SlangPy supports backward compatibility for code originally written for slangtorch, allowing
``torch.Tensor`` arguments to bind to ``TensorView<T>`` parameters in Slang functions.

.. warning::

    **TensorView is not recommended for new code.** This feature exists only for backward
    compatibility with existing slangtorch code. For new projects, use SlangPy's native
    ``Tensor*`` types which offer better cross-platform support and integration.

.. note::

    ``TensorView<T>`` is CUDA-only. It will not work with Vulkan or D3D12 backends.

Example usage with existing slangtorch-style Slang code:

.. code-block::

    // slangtorch-style function using TensorView
    void copy_tensor(TensorView<float> input, TensorView<float> output)
    {
        for (uint i = 0; i < input.size(0); i++)
            output.store(i, input.load(i));
    }

.. code-block:: python

    import slangpy as spy
    import torch

    device = spy.create_torch_device(type=spy.DeviceType.cuda)
    module = spy.Module.load_from_file(device, "example.slang")

    # torch.Tensor arguments bind directly to TensorView<T> parameters
    input_tensor = torch.tensor([1.0, 2.0, 3.0], device="cuda", dtype=torch.float32)
    output_tensor = torch.zeros(3, device="cuda", dtype=torch.float32)

    module.copy_tensor(input_tensor, output_tensor)

Key differences between SlangPy's ``Tensor<T,N>`` and ``TensorView<T>``:

- ``Tensor<T,N>`` has compile-time dimensions (N); ``TensorView<T>`` has runtime dimensions
- ``Tensor<T,N>`` works on all backends; ``TensorView<T>`` is CUDA-only
- For new code, prefer SlangPy's native ``Tensor*`` types for better cross-platform support

Summary
-------

PyTorch integration with SlangPy is seamless and automatic.

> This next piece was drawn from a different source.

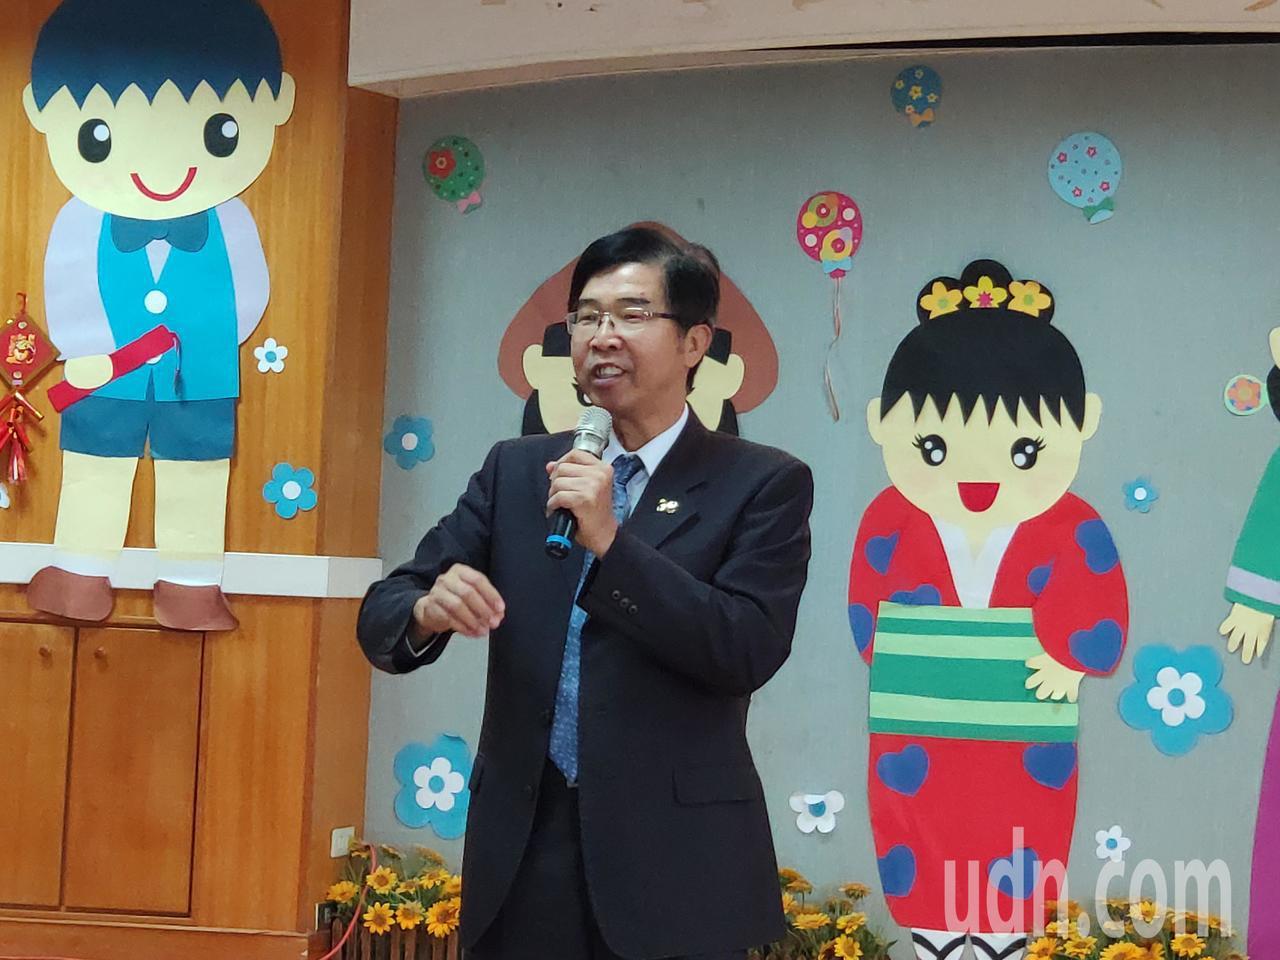 大台南家長協會理事長吳燕卿。記者謝進盛/攝影

This example covered:

- Device creation using `create_torch_device` with support for CUDA, D3D12, and Vulkan backends
- Automatic detection of PyTorch tensors - no special module types required
- Use of PyTorch's `.backward()` process to track an auto-grad graph and backpropagate gradients
- Performance considerations when choosing between CUDA and graphics backends
- TensorView compatibility for code migrating from slangtorch

The CUDA backend is recommended for best performance, while graphics backends provide access to additional GPU features at the cost of some performance overhead.